『原敬ー「平民宰相」の虚像と実像」(中央公論新社、2021年)を刊行しました。
早いもので、前著『近代日本の官僚』の刊行から8年が経ちました。その間、ボストンで1年、台湾で半年を過ごしたことで日本研究の国際化に目覚め、村井良太さんにお声がけいただき、瀧井一博さんと三人四脚で『日本政治史』を出版したり、選挙区研究の面白さにとりつかれて多分野のみなさんとの共同研究に取り組み、オーラルヒストリーの方法を模索して社会学のみなさんと交流したりと、あちこちに手を広げてきました。それはとても楽しい日々でした。

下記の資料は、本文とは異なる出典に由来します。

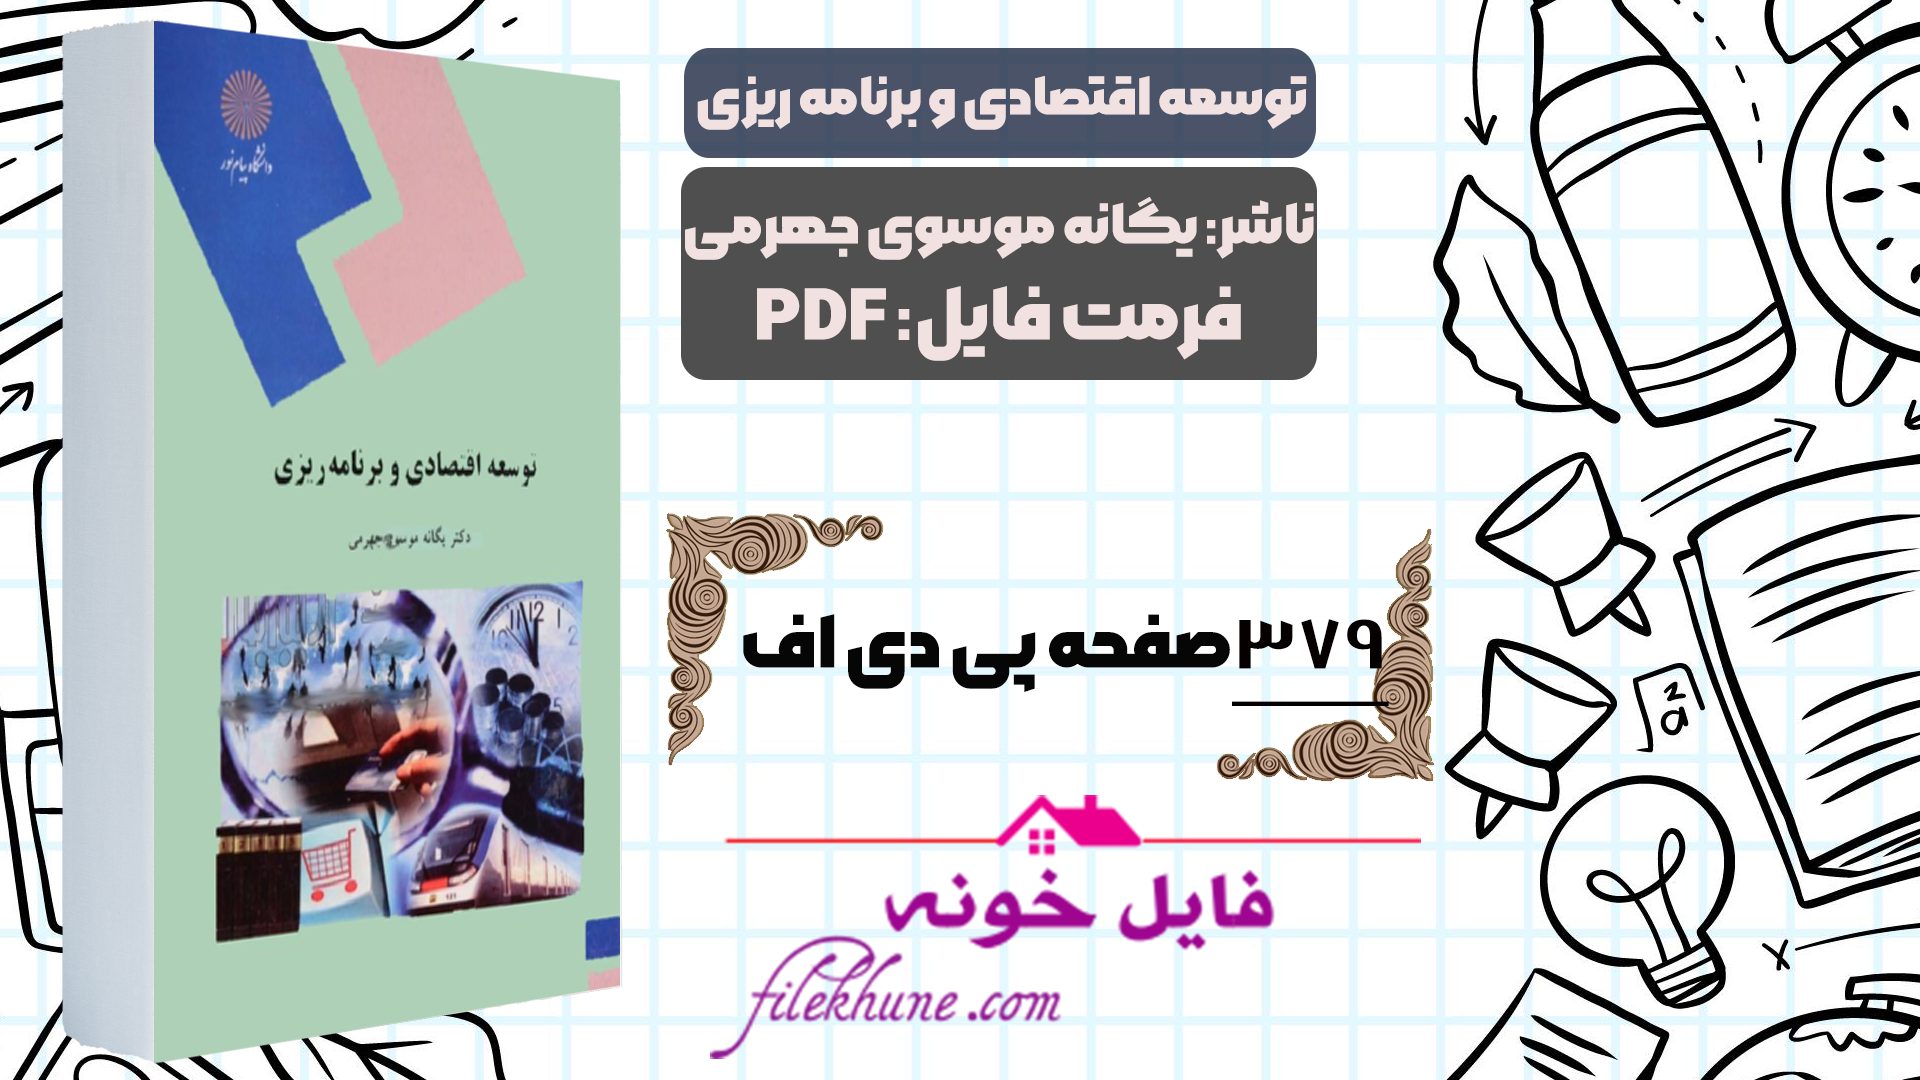 دانلود کتاب توسعه اقتصادی و برنامه ریزی یگانه موسوی جهرمی دانشگاه پیام نور PDF - فایل خونه

ただ、どうしてもかたちにしたい仕事がずっと頭の隅にありました。原敬の評伝です。2016年秋に着手して、本来であれば「初の本格的政党内閣」創設100年にあたる2018年に刊行する予定でした。ですが、すぐにその見通しが甘かったことに気付かされました。対象のあまりの大きさに思うようには進まず、気が付けば5年が過ぎていました。なんとか没後100年に間に合うことができたのは、救いでした。
刊行にいたるまで、本当に多くの方にお世話になりました。研究をするというのは、人との縁が繋がり、広がることなのだと改めて感じました。ありがとうございました。本書が多くの方に届き、読まれることを願ってやみません。